Valeria Rodriguez, 17
Valeria Rodriguez is from Los Angeles, California, and describes herself as an introverted go-getter and an avid self-advocate. Rodriguez has spent the last three years volunteering for Chicas Verdes, a local organization, and Girls Build LA, an organization that empowers young women to affect social change and to mediate the food desert that encircles her community in South Central Los Angeles. Under the guidance of Chicas Verdes and grant funding, Rodriguez spearheaded an initiative to empower her community to make healthier eating choices. To offer a healthier alternative to the student store and food vending machines, Rodriguez led the making and selling of organic smoothies at her school. Rodriguez utilized these sales interactions with fellow students and faculty as an opportunity to educate and answer questions about food deserts and how to make healthier choices. In her final year with Chicas Verdes, she hopes that they will plant fruit trees in the community to provide more healthy options for local students and families.
As an admirer of Amy Tan and Sandra Cisneros, Rodriguez is a passionate advocate for the preservation of cultures. She uses writing to preserve her roots and weave her culture into her stories. In her memoir writing, Rodriguez brings the childhood memories and hardships of her grandparents to life, crafting accounts of her grandmother’s childhood in Michoacan selling gelatin with her great-grandmother because her community lacked a school. Rodriguez says her conversations with her ill grandmother awakened a fervor to capture the experiences, family traditions, and religious rituals of the generations of laborers before her.
Rodriguez will attend Stanford University in the fall of 2018 and plans to major in English or Business with a minor in Journalism.
Food Deserts in South Central Los Angeles
by Valeria Rodriguez
South Central is one of the most populous and diverse districts in Los Angeles. It is a regular source of crime and violence with a disregarded core of resistance and hope. It is an ongoing victim of gentrification but one of the most overlooked disparities that plagues my people is the food desert that confines us. My family is fed according to tradition and tradition is the sullied product of lies that have surrounded us for so long they have become truths.
Tradition says Burger King for breakfast and lunch, snacks from our neighbor, the liquor store, and the occasional walk across the street for Jack in the Box, if we’re feeling indulgent. After several years of assuming this routine, I began to wonder if what I regularly saw was a problem at all. My cousin, at the age of 18, contracted diabetes and I soon could not bear to watch the children in my household dine on fries and nuggets day after day without restraint.
Unsure of the facts myself, I searched for an alternative and stumbled upon Chicas Verdes. I rapidly found that my community resided in a food desert and with the guidance of Chicas Verdes, immediately sprang into action. I joined their Girls Build LA initiative with the objective to empower my community to make healthier eating choices by providing the access and resources to do so.

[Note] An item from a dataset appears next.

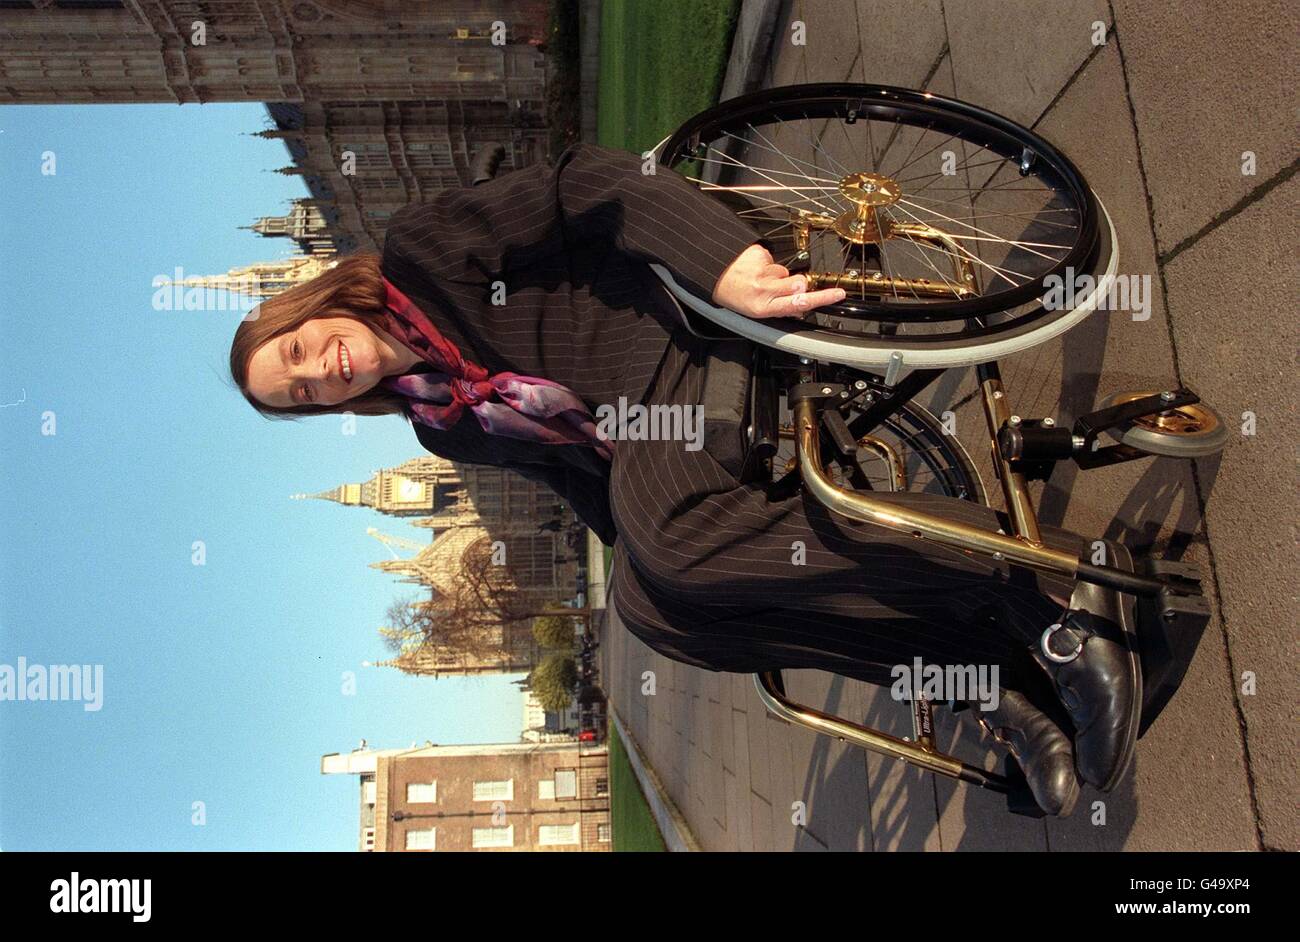 Ann Begg, die für den Rollstuhl gebundene Labour-Abgeordnete für Aberdeen South, fand den ultimativen Rollstuhl, der bei besonderen Funktionen und Anlässen klug aussahen konnte, als sie heute (Donnerstag) in London den vergoldeten Kuschel-Rollstuhl in limitierter Auflage sah. Der Rollstuhl, der 1,475 kostet, ist Teil einer europaweit limitierten Auflage von nur 99 Stück, die von der Schweizer Firma Kuschel produziert wird, die eine hundertprozentige Tochtergesellschaft von Invacare UK ist. Foto von Tony Harris. Stockfoto

With the grant were awarded, we began to make and sell affordable organic smoothies at our school to steer students away from the student store and vending machines. It was a success. Students and staff alike line up to purchase our smoothies and we engaged them further with informative workshops and presentations explaining the epidemic. We’ve seen some gradual improvement and hope to continue to expand our influence by planting fruit trees in our community. This is my third and final year in Chicas Verdes. I still dream of the day I won’t have to worry about the wellbeing of my family being jeopardized by the food we can afford.